It's a good idea to check the status code before you parse the response text

In [14]:
url = 'http://datamarket.es'

r = requests.get(url)

if r.status_code < 300:
    print('request was successful')
elif r.status_code >= 300 and r.status_code < 400:
    print('request was redirected')
elif r.status_code >= 400 and r.status_code < 500:
    print('request failed because the resource either does not exist or is forbidden')
elif r.status_code >= 500 and r.status_code < 600:
    print('request failed because the response server encountered an error')
else:
    print('we have found a new http protocol')

request was successful


It should be noted that the requests lib automatically makes additional requests to the redirected URL if the web resource is moved (i.e. 30x status codes). Even if a moved web resource redirects once again, the requests lib will track it all the way down until it receives success or failure as long as the number of redirects does not exceed the redirect limit (default 30).
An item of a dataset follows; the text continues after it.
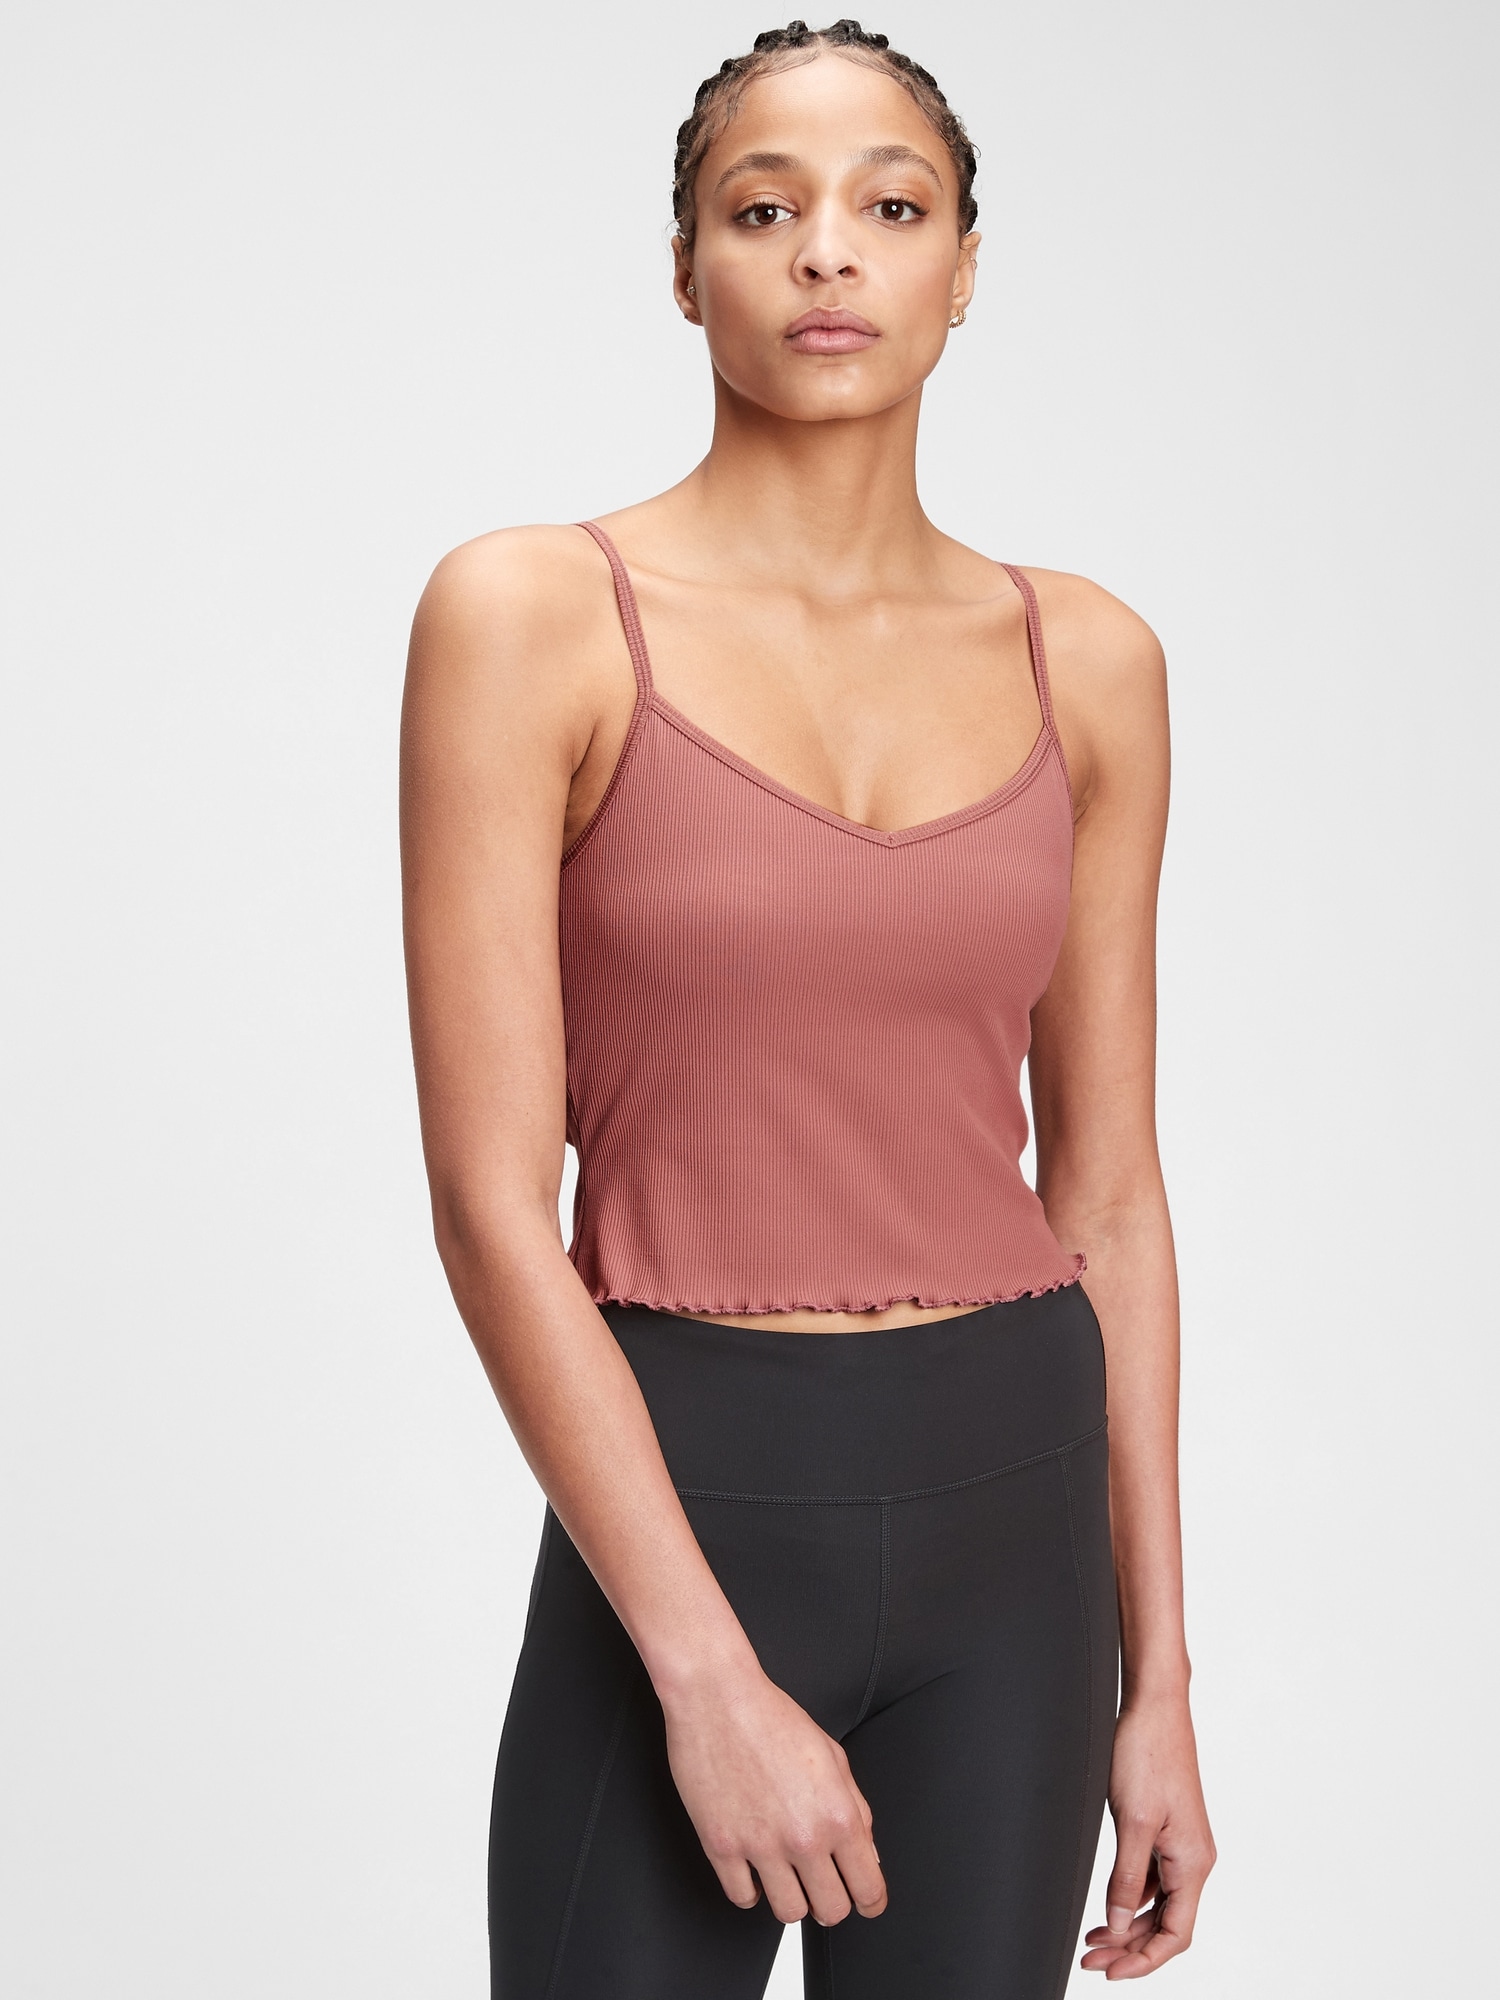 gvdentm Camisoles With Built In Bra Wireless Bra, Full-Coverage

You can choose to disallow redirects by using requests.get(url, allow_redirects=False) so that requests will not track down the redirected URL. Or you can choose to reduce the max redirects allowed by using max_redirects=n so as to avoid endless redirects or save time in making requests.

In [15]:
r = requests.get('http://datamarket.es', allow_redirects=False)

r.status_code

301

## 2. Handling Request Errors

### 2.1 Exceeding Max Redirects

As previously mentioned, there is a max redirects number by default (30) which you can override with max_redirects. If the number of redirects exceeds the limit, requests will throw a __TooManyRedirects exception__.

In [18]:
session = requests.Session()
session.max_redirects = 0

try:
    session.get('http://datamarket.es').status_code
    print('successful request!')
    
except requests.exceptions.TooManyRedirects as ex:
    print('handled exception!')
    print(ex)


handled exception!
Exceeded 0 redirects.


### 2.2 Timeout

Sometimes a remote server is not responsive either because requests cannot connect to the intended web resource or because the remote server does not send back the promised data. If that happens, requests will typically wait for a long period of time until the connection is closed by the remote server then throw a __Timeout exception__. This is a big waste of time because most modern websites respond to web requests within a couple of seconds. Therefore, it's a desirable approach to supply a timeout argument to requests to limit the amount of wait time.

In [23]:
try:
    requests.get('https://datamarket.es', timeout=0.05)
    print('successful request!')
    
except requests.exceptions.Timeout as ex:
    print('handled timeout exception!')
    print(ex)

except requests.exceptions.ConnectionError as ex:
    print('handled connection exception!')
    print(ex)

finally:
    print('finally executed')

handled timeout exception!
HTTPSConnectionPool(host='datamarket.es', port=443): Read timed out. (read timeout=0.05)
finally executed


### 2.3 SSL Certificate Error

If a website wants to use SSL/TLS, it has to purchase (or not -> Let's Encrypt) a special certificate from certificate vendors and configure the web server properly in order for the certificate to be functional. If the SSL/TLS certificate is not installed properly or it has expired (purchased certificate has to be renewed every two years), modern browsers such as Chrome will indicate the problem to the users. The requests lib, similarly, will throw an exception if it detects the SSL certificate is problematic.

In [24]:
try:
    requests.get('https://localhost:8000/')
    print('successful request!')
    
except requests.exceptions.SSLError as ex:
    print('handled exception!')
    print(ex)

handled exception!
HTTPSConnectionPool(host='localhost', port=8000): Max retries exceeded with url: / (Caused by SSLError(SSLError(1, '[SSL: WRONG_VERSION_NUMBER] wrong version number (_ssl.c:1091)')))


## 3. User Agent

Identifies the browser and operating system from which the request is made. Some websites send out different responses to the requests made with different user agents for reasons such as:

- They want to avoid bugs of the website that only occur in certain browsers or browser versions.
- They want to personalize user experience by sending different data.
- They want to track your requests to avoid web scraping.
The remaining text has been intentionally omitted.